Taylor (Sept 20) raises several points of interest in his comments on the HOPE study, with the possibility that the time of administration of ramipril in that study may have confounded interpretation. Taylor draws attention to an aspect of the Hope study protocol which has previously received little attention, ie that the protocol requested ramipril be taken at nighttime. He also points out that in a sub-study the data from 24 hour studies of blood pressure after ramipril reported a peak effect 3 to 6 hours after administration, which "waned" by 12 hours after administration…the time of blood pressure measurement in those taking a nocturnal dose.

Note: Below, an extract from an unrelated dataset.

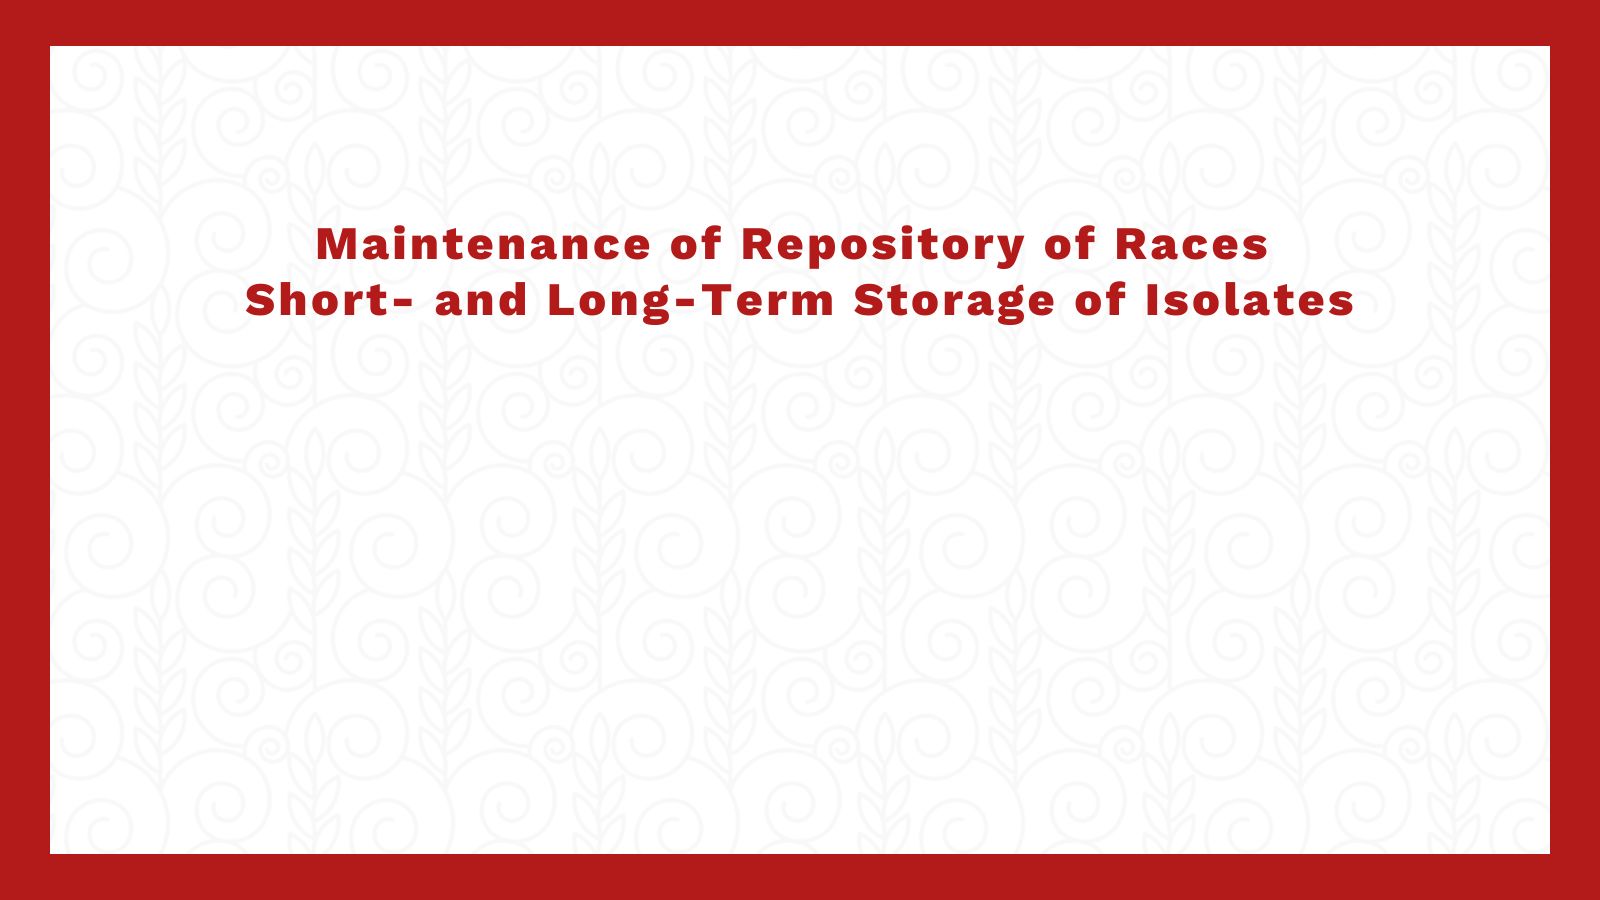 Maintenance of Repository of Races Short- and Long-Term Storage of Isolates

The possible importance of these questions was partly discussed in the author's reply, but only in the context of any possible influence on the HOPE study conclusions ie that ramipril has an effect on cardiovascular outcomes that is larger than could be anticipated by the recorded falls in blood pressure, but blood pressures were taken - if following the protocol - in the daytime 12- 18 hours after (nocturnal) administration, and not at the time of peak effect.

Taylor asked that the authors "come clean" on "just how many of their subjects followed the original protocol and took ramipril at night".Bosch and Yusuf do not address that question in their reply (Sept 20).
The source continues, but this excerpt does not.